▸ **PROBLEM**
Word for word, reproduce the listing that follows, excluding any pictures it contains.

======== RECORDED DATA ========

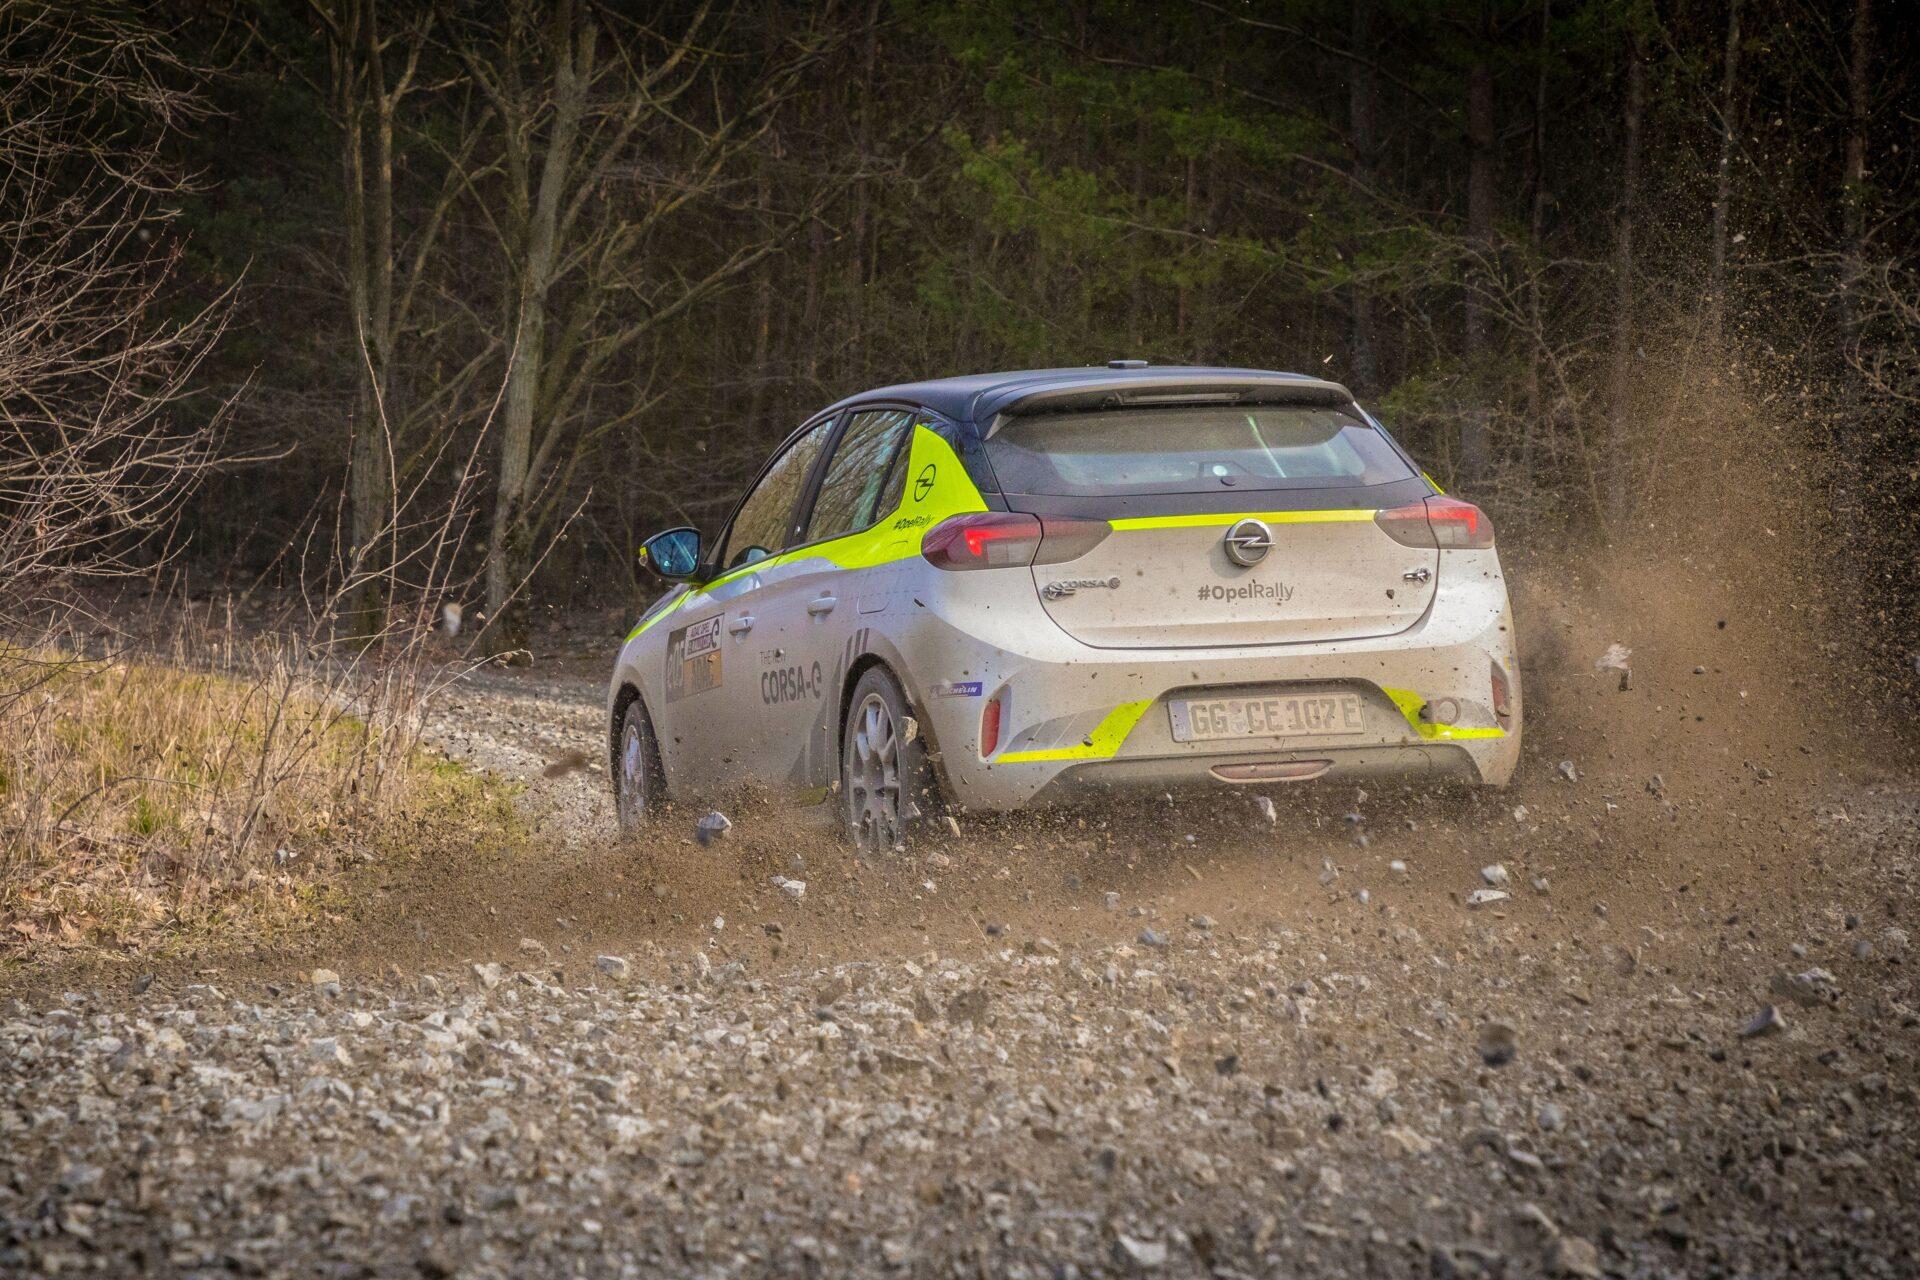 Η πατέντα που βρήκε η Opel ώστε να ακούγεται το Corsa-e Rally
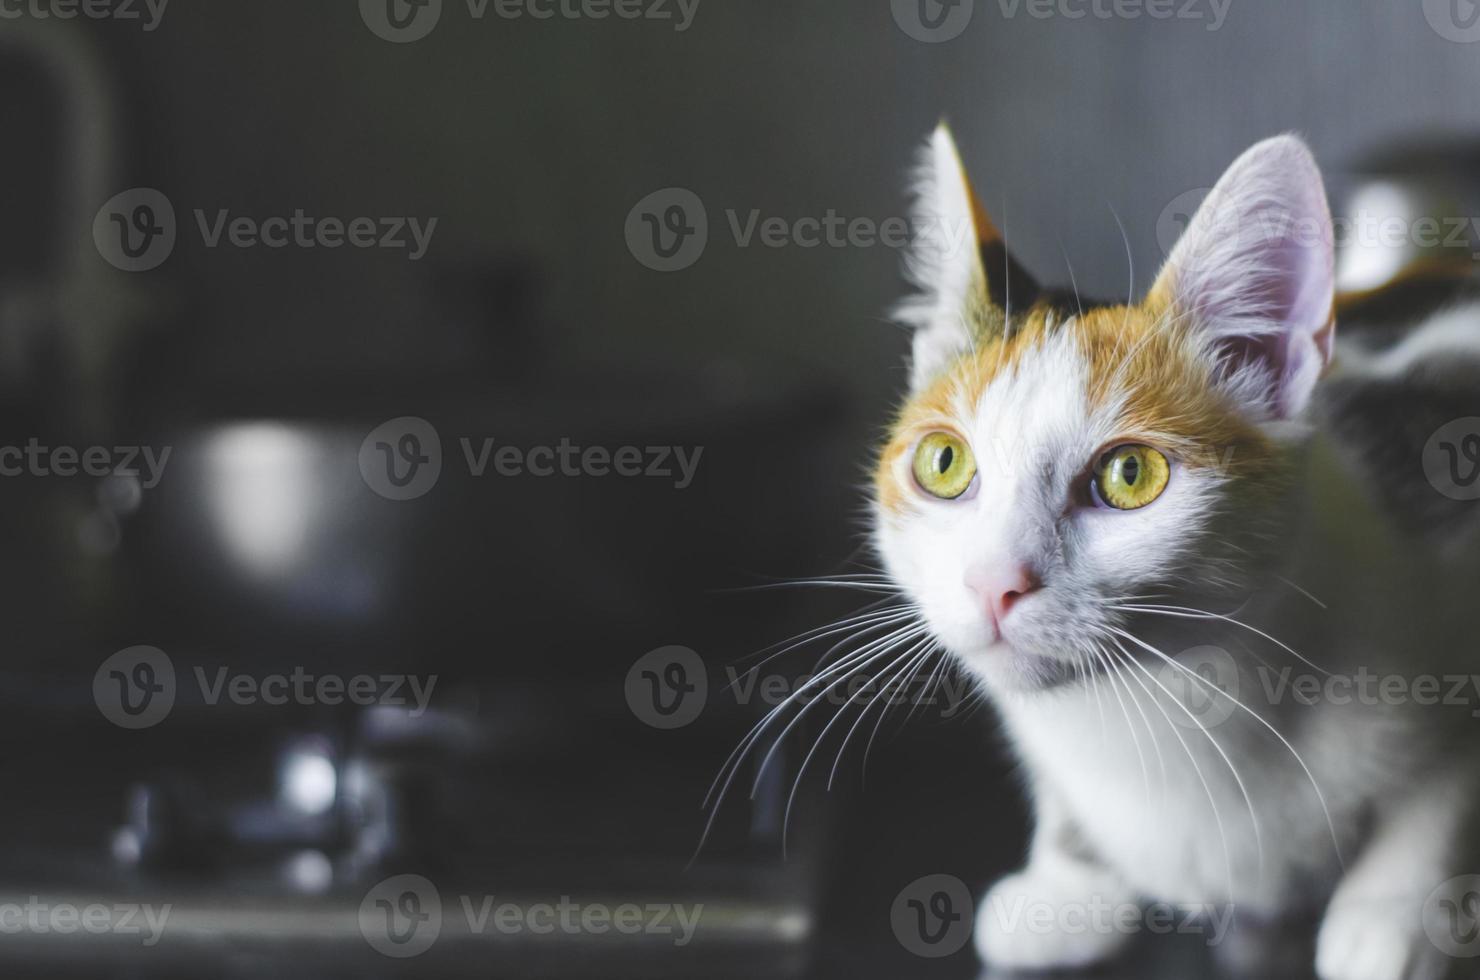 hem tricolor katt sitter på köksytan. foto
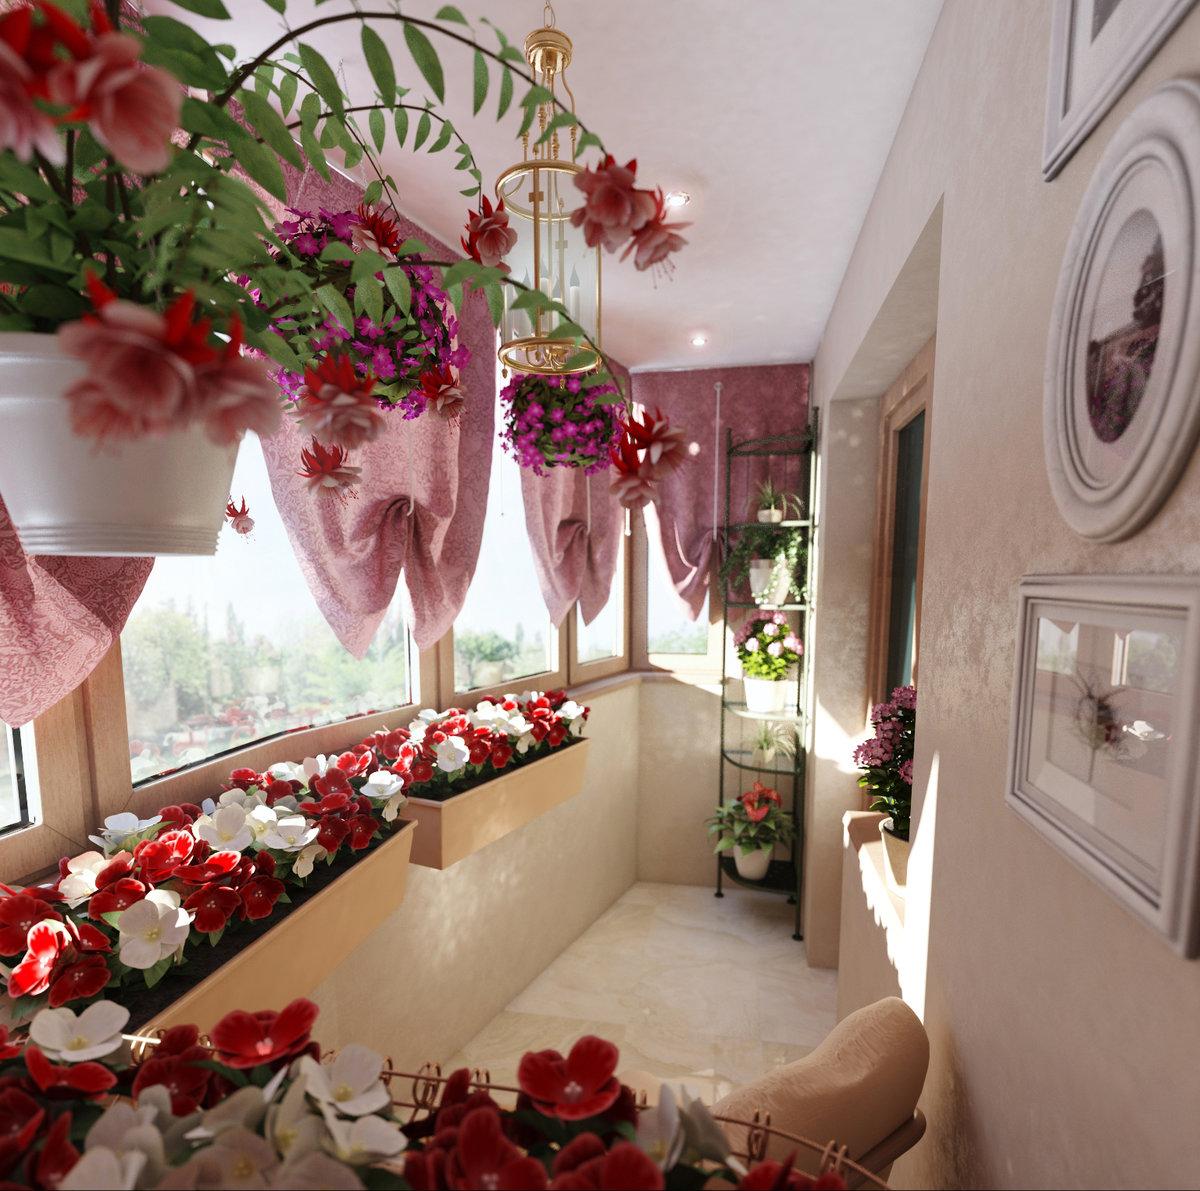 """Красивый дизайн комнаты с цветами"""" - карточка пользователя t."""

========

▸ **SOLUTION TO THIS PROBLEM**
 Η πατέντα που βρήκε η Opel ώστε να ακούγεται το Corsa-e Rally
 hem tricolor katt sitter på köksytan. foto
 """Красивый дизайн комнаты с цветами"""" - карточка пользователя t."""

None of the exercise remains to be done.